The Rs 68.15-billion Tata Global Beverages proposes to scale up its tea retail venture Tata Cha as initial feedback to its pilot stores in Bengaluru remains positive.
The plan is to take Tata Cha to more cities as the company looks to expand into adjacencies.
Tata Cha was launched last year in the tech capital with one store, which was subsequently scaled up to a total of four outlets this year. The stores provide hot and cold tea-based beverages, traditional snacks and meals, all aimed at elevating the neighbourhood tea stall experience.
The concept, say company officials, has become a hit with office-goers and millennials in the city, who are constantly on the lookout for good places to eat and hang out. “Tea retail is a concept we are testing and is an interesting area to explore as consumers seek innovative beverage options and formats,” Ajoy Misra, managing director and chief executive officer, Tata Global Beverages, said.

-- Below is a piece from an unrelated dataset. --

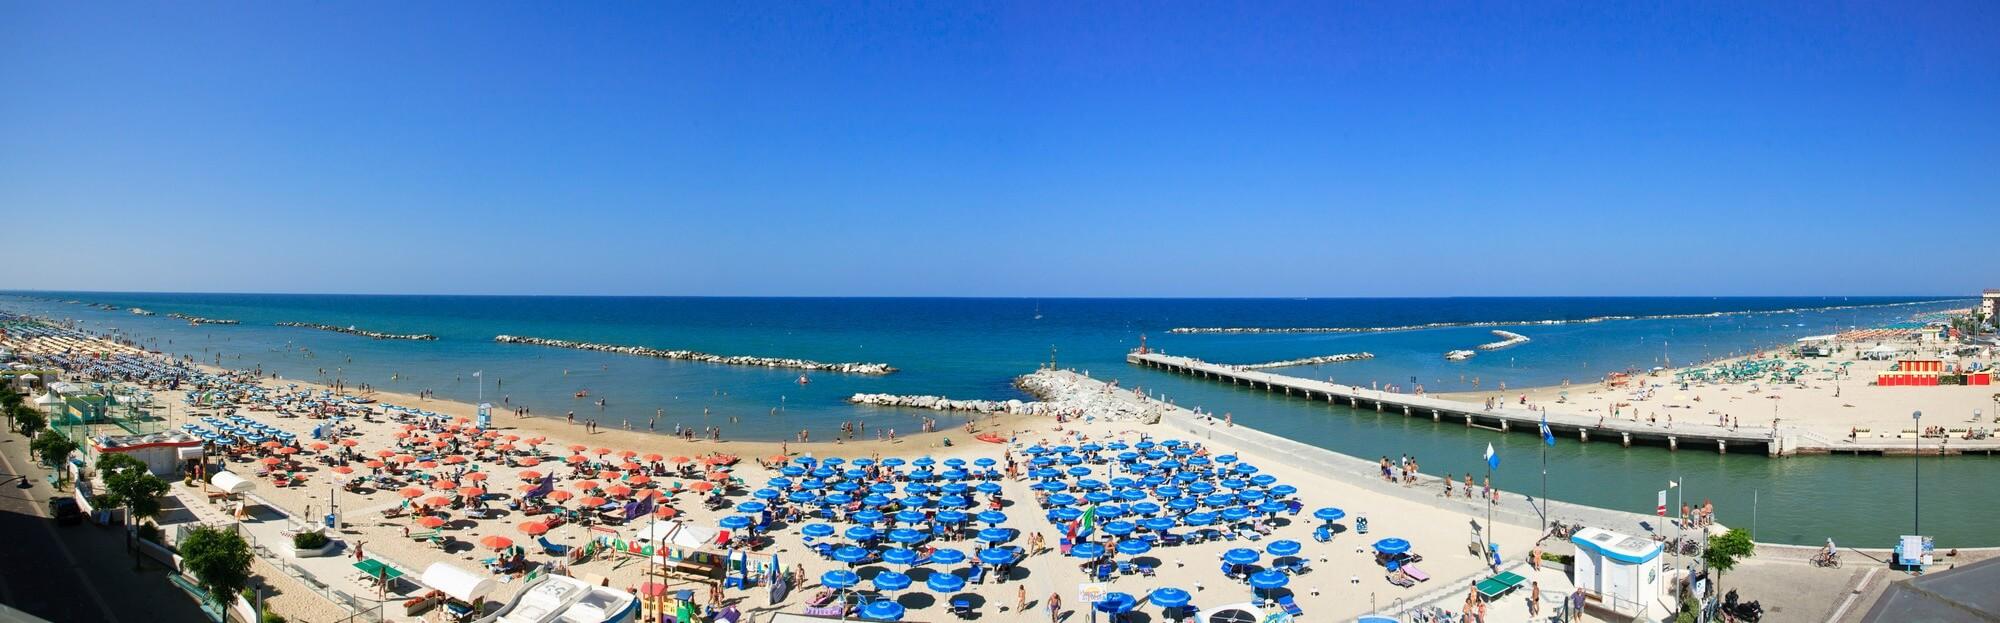 Spiaggia Bellaria e Igea Marina

Tata Global is the world’s second-largest tea maker after Unilever and is among the leading branded tea players in India, competing head on with Unilever’s Indian subsidiary Hindustan Unilever (HUL). While a desire for a meaningful presence in coffee retail pushed Tata Global to tie up with Seattle-based Starbucks Coffee Company in 2012, retail tea business is something it has largely experimented with in the past.
A decade ago, Tata Global had launched Chai Unchai, which did not go beyond the pilot phase. That, however, could change now as consumers take to eating out more frequently. A recent Technopak report says that the overall food services market in India would grow at a compound annual growth rate of 10 per cent over the next five years to touch Rs 5.52 trillion from Rs 3.4 trillion now.
Tea services is already a large constituent of the existing overall food services market, pegged at 44 per cent (or Rs 1.5 trillion) of the total size (Rs 3.4 trillion), said sector experts. This, however, is largely unorganised, led by neighbourhood “chai” or tea stalls. Players such as Chai Point, Chaayos and Chai Thela are now coming up as working professionals and millennials seek something better than cutting chai.
As the first organised tea retailer in the country, Chai Point, which started eight years ago, has now over 100 outlets in five cities, putting up nearly 2000 fresh-milk-based vending machines across the country and delivering tea on call in a span of 30 minutes.
Competitors such as Chaayos and Chai Thela also have a footprint; the former is located in cities such as Mumbai, Delhi, Noida and Gurguram and the latter largely in Delhi-NCR.
HUL has also experimented with tea retail in the past (through Brooke Bond Taj Mahal Tea House in Mumbai), though it remains stuck at one store only in Mumbai.